Download Sedimentary Rocks

Sedimentary Rocks
Sedimentary rocks are formed when pieces of pre-existing rock or parts of onceliving organisms accumulate in deposits on the Earth’s surface. There are three main
types of sedimentary rocks. They are clastics, biological, and chemical sedimentary
rocks. Each category of sedimentary rock has distinct characteristics and depositional
environments. In addition, the way the Earth’s plates move, or plate tectonics, can
significantly affect sedimentation and the formation of sedimentary rocks.
Clastic sedimentary rocks are those rocks that are formed by the accumulation of
pieces of pre-existing rocks. They are often deposited in layers or bedding. The pieces
of pre-existing rock, or clasts, can range in size from clay to boulders. The clasts are
cemented together with some sort of matrix. Typical clastic sedimentary rocks include
shale, siltstone, and sandstone. The depositional environment would be any basin where
the sediment that has eroded from pre-existing rock can accumulate. This could include
river systems, lakes, deserts, and glaciers, as well as beaches, deltas, estuaries, and tidal
flats (Boggs, 1995).
Biological (or organic) sedimentary rocks are those that form when the remains of
living things accumulate, become compacted and lithified. Ancient plant deposits
become coal, and deposits of animal shells may become limestone or coquina. The two
dominant minerals in carbonate rocks such as limestone are calcite and dolomite (Boggs,
1995).
Chemical sedimentary rocks are those that are formed by chemical precipitation.

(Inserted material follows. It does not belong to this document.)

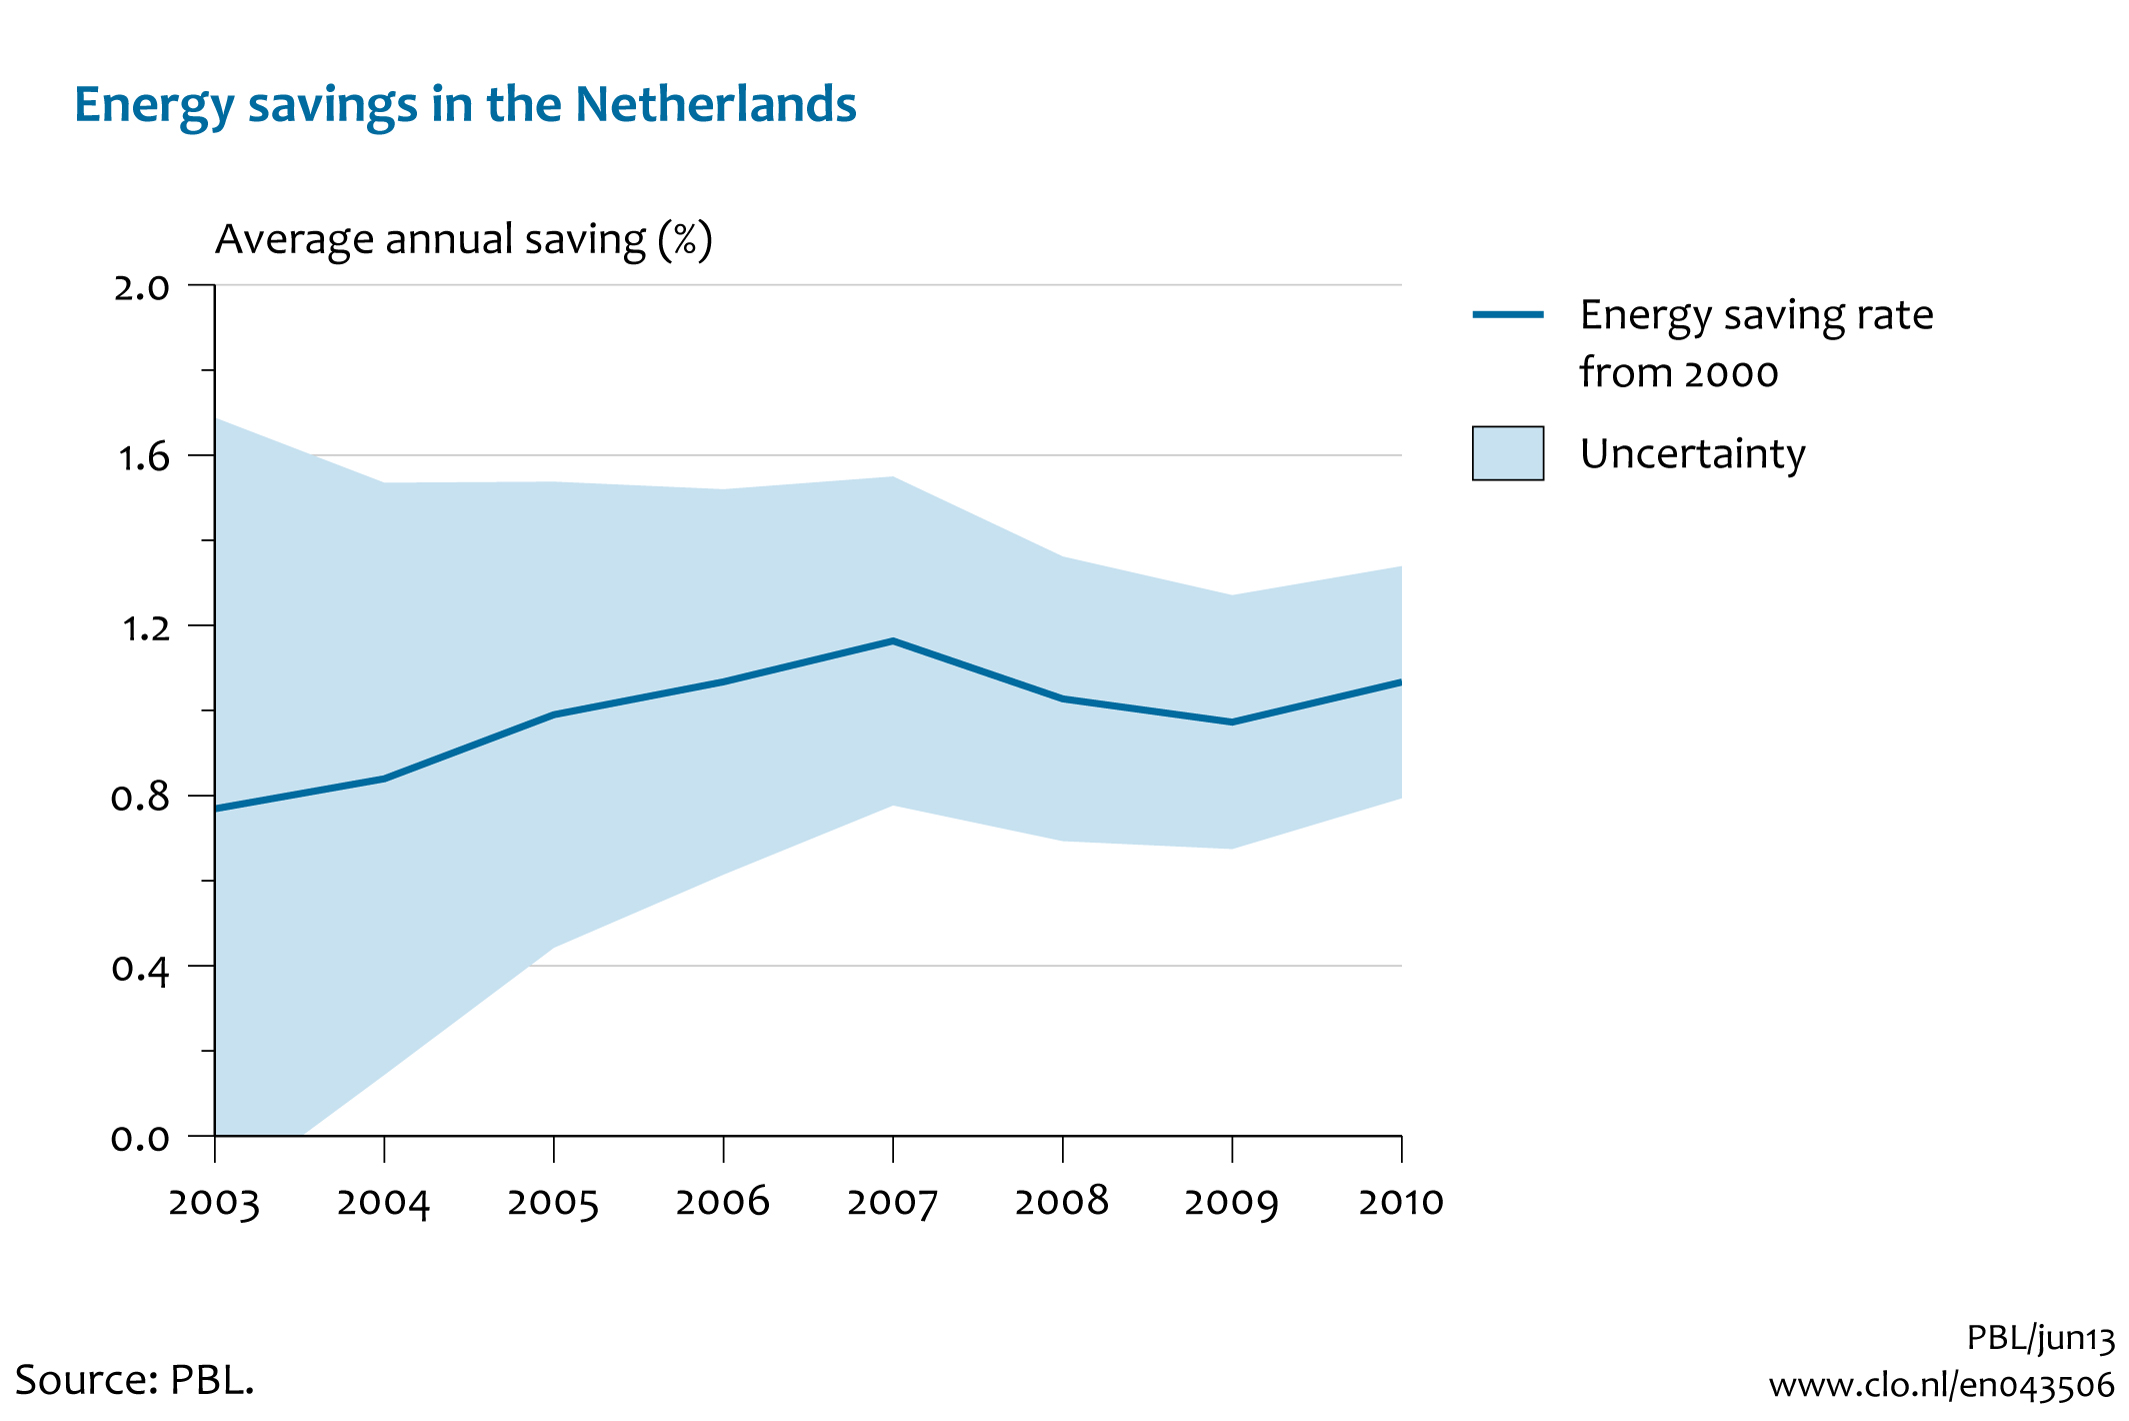 Image Energy savings in the Netherlands. The image is further explained in the text.

These rocks include carbonate rocks such as limestone (both a biological and chemical
sedimentary rock) and evaporates such as halite and gypsum. The depositional
environment for these rocks would be marine or evaporite basins (Boggs, 1995).
Plate tectonics not only affects sedimentation and the formation of sedimentary
rocks, but it is used to describe how rocks move through the rock cycle to be igneous,
sedimentary, and metamorphic rocks.
At convergent plate boundaries, plates are moving toward each other and one
plate is subducted beneath the other. As the plate that is being subducted moves beneath
the other plate, it is taking with it the accumulated sediment and rocks. The subducted
rocks and sediments are heated to the point that they melt to become magma and
eventually, igneous rock. In some areas where subduction is occurring, not all of the
subducted plate is actually subducted. These special cases refer to ophiolites. Sequences
of rock from the subducted plate are actually shoved up onto the over-riding plate. An
additional way that sedimentation and sedimentary rocks are affected by plate tectonics at
convergent boundaries is with the intrusion of magma into the country rock of the
overlying plate. The intrusion causes sedimentary rock to be exposed to heat and
pressure and may change the sedimentary rock into metamorphic rock (Fowler, 1990).
At divergent boundaries such as ocean spreading ridges, sedimentation is also
affected. In theory, sediments are laid down in horizontal beds and at any place in that
bedding layer, the sediments are the same age. At divergent plate boundaries, because
the plates are moving away from each other, new plate material is coming up at the
boundary. Therefore, the youngest sediments would be found closest to the plate
boundary. In ocean basins, sediment depths can vary from 0 at the active ridge plate
boundary to 0.5 – 1.0 kilometers in the basins (Fowler, 1990).
Strike-slip or transform plate boundaries occur when two plates move laterally
with respect to each other. In many cases, these transform boundaries form transform
fault valleys. These valleys become sediment filled grabens that can have either marine
or non-marine sediments depending on the depositional setting. The thick deposits form
from the erosion of materials at higher elevations above the valley. This can affect how
quickly and what types of sediments are deposited. In the transform valleys, numerous
localized facies changes can be found. In addition, transform faults can displace stream
channels and this can also affect sedimentation in these features.
Plate tectonics control sedimentation through its influence on the sediment source
area. The affects include: 1) influencing the composition by controlling the lithology of
the source rocks; 2) influencing the sediment denudation rates and the size of the basins
that sediments accumulate in, which influences sedimentation rates and sediment
thickness; and, 3) control on sea level which affects sediment processes and
environments. This has an impact on sediment characteristics and stratigraphic
relationships. Sedimentary rocks cannot be discussed without considering the
depositional environment and the significant impacts that plate tectonics can have on
those environments (Fowler, 1990).
References
Boggs, Sam Jr., 1995. Principles of Sedimentology and Stratigraphy, Second Edition.
Prentice Hall: Englewood Cliffs.
Fowler, C.M.R., 1990. The Solid Earth: An Introduction to Global Geophysics.
Cambridge University Press: Cambridge.